С объявлением первой же тревоги я все делал вопреки полученной инструкции. Оседлав комдивовского Богатыря, серого в яблоках великана, и сев на своего Донца, я поехал к флигелю, где жил Барсуков; постучал в окно и стал дожидаться, не спешившись. Стремена у седла на Богатыре были подтянуты, и я их отпустить не удосужился.
Командир дивизиона вышел, натягивая на ходу лайковые перчатки, посмотрел на меня продолжительно с еле уловимой улыбкой, подошел к Богатырю, попробовал подпруги, отпустил стремена и с необыкновенной ловкостью поднялся в седло. Мы поехали на плац, где ожидал своего командира построенный дивизион. Я держался рядом с начальником, следуя слева. Он подозрительно и с явным любопытством косил на меня левым глазом. Я не забыл, что при приближении к фронту дивизиона мне надлежало отстать и свернуть к флангу строя, но, умышленно этого не сделав, продолжал ехать рядом с Барсуковым.
Вот мы выезжаем на плац, следуем перед строем; комдив останавливается, поворачивает послушного коня головой к строю и здоровается. Я делаю то же самое, но, конечно, молча; поднеся руку к головному убору.
Комвзвода Садовой, стоящий в строю верхом, неистово, но так, чтобы это не было слишком заметно, подает мне знаками требование немедленно удалиться. Но я прикидываюсь простачком, не понимаю, в чем дело, и продолжаю свое.
Дивизион выступает на марш. Барсуков пропускает колонну мимо себя; я тут же рядом с ним, а не позади. Потом он обгоняет дивизион размашистой рысью и какое-то время едет во главе его. Затем снова съезжает с дороги, становится лицом к проходящей колонне, осматривая ее от головы до хвоста. Я не меняю избранную тактику. Садовой кипятится, но покинуть строй и отозвать меня для надира не смеет. А Барсуков молчит, будто не замечая моей дерзости.

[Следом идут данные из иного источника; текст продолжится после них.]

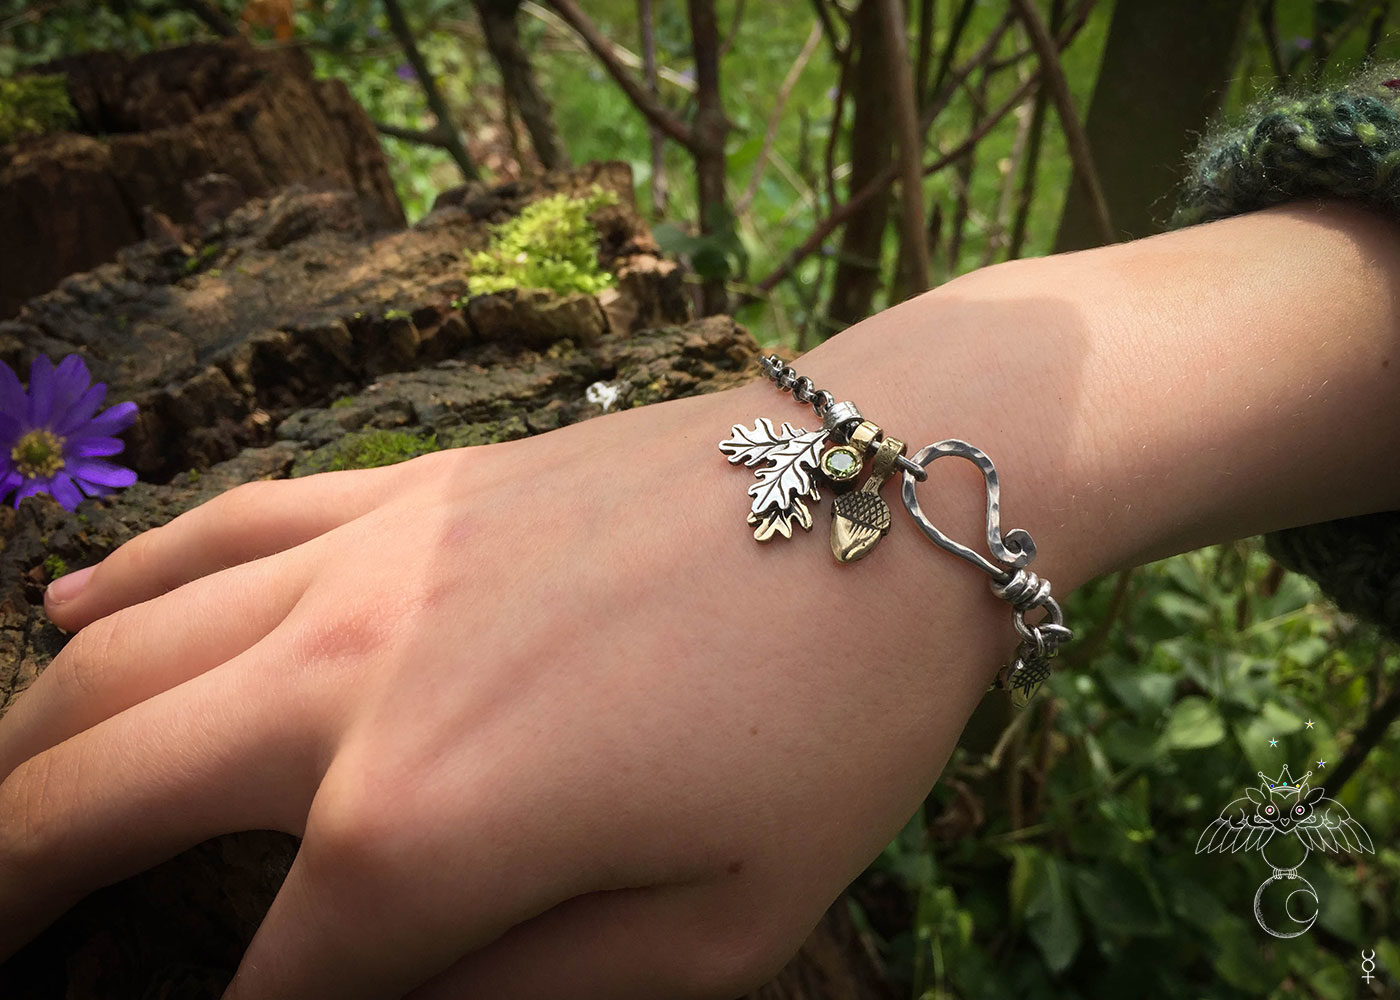 Silver charm bracelet handcrafted and recycled for the tree of life sculpture collection

На первом же привале я был смещен с должности коновода, как не справившийся с обязанностями. За сорокалетнюю службу в армии это было единственное снятие меня с должности; огорчаться не следовало, так как снят я был без понижения: понижать некуда, ибо более низкой должности не было. Меня лишили персонального коня и направили во взвод для следования пешим порядком. А несчастный комвзвода Садовой получил от комдива нагоняй и замечание за неудачный подбор коновода.

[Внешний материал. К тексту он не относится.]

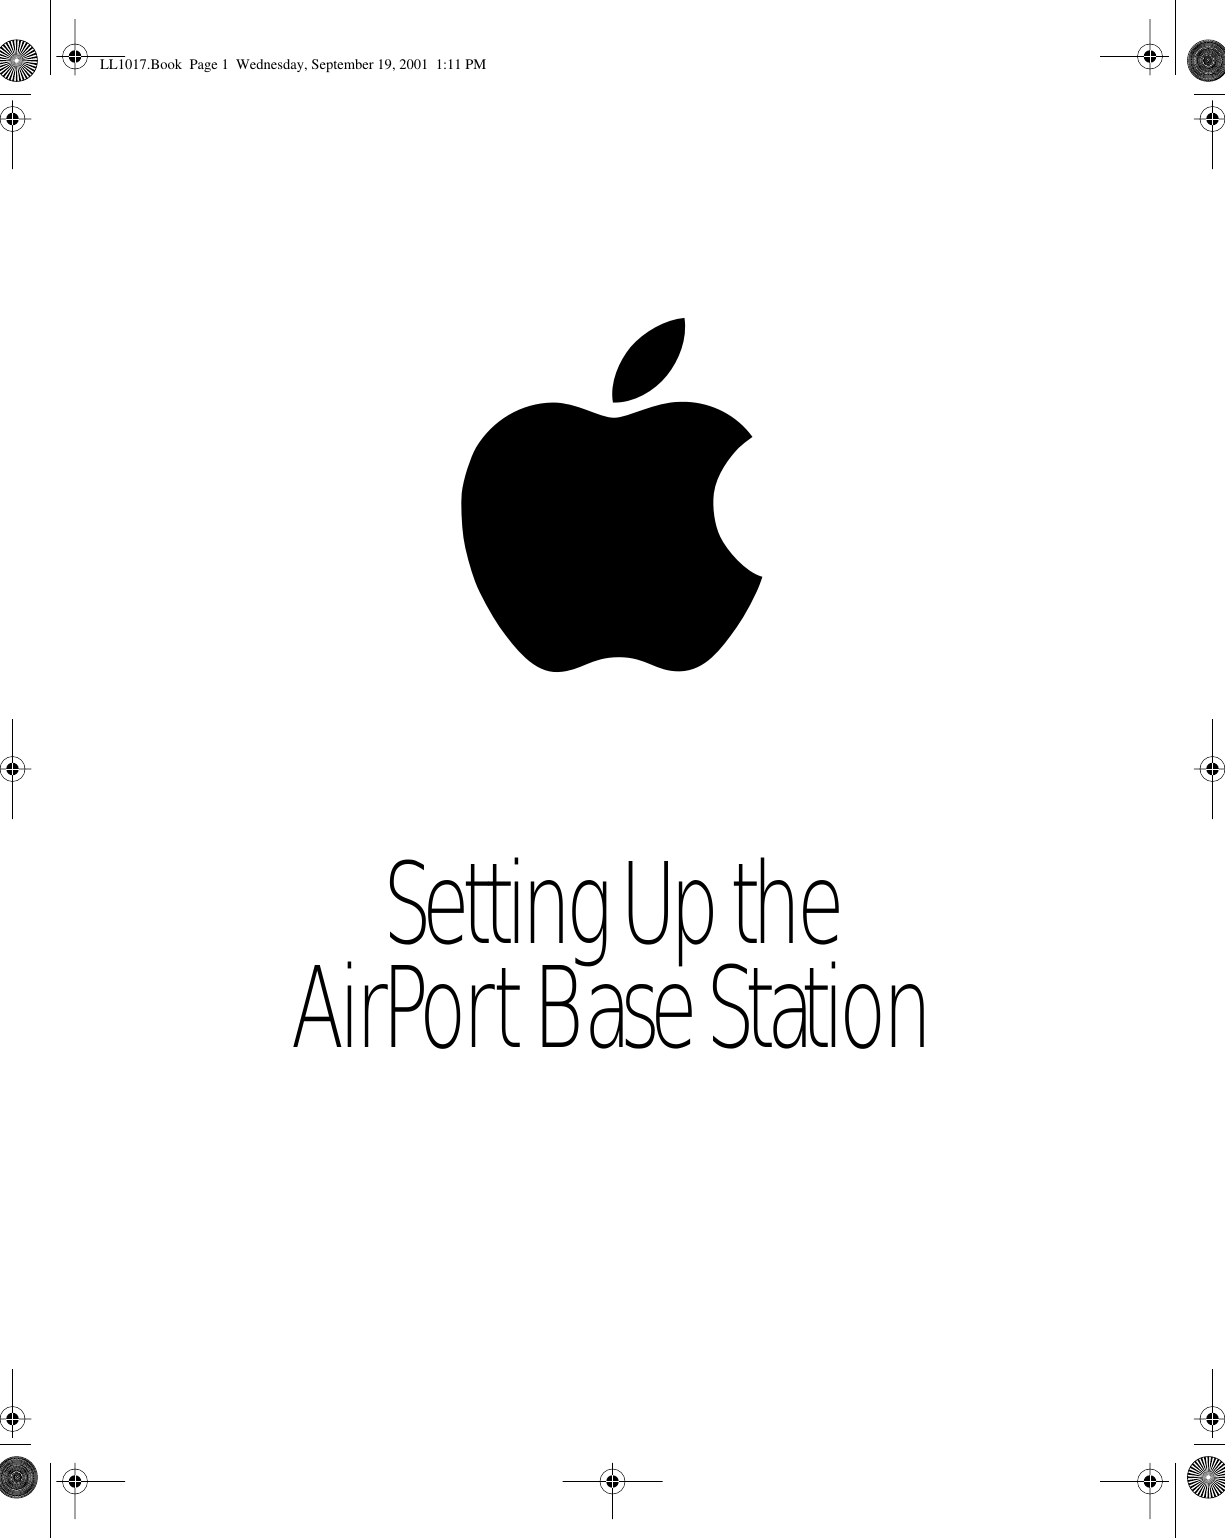   Setting Up the AirPort Base Station LL1017.Book  Page 1  Wednesday, September 19, 2001  1:11 PM

Меня определили в отделение связи коммутаторщиком, проинструктировали и вручили технику: коммутатор «КОФ». Это была небольшая коробка с плечевым ремнем. Аппарат рассчитан на шесть номеров и использовался для управления огнем дивизиона: к нему подключались телефонные провода, соединяющие наблюдательные пункты батарей с наблюдательным пунктом дивизиона. Я должен был слушать подаваемые команды и повторять их для абонентов, переключая то и дело соответствующие кнопки. Дело простое, и освоить его не представляло труда.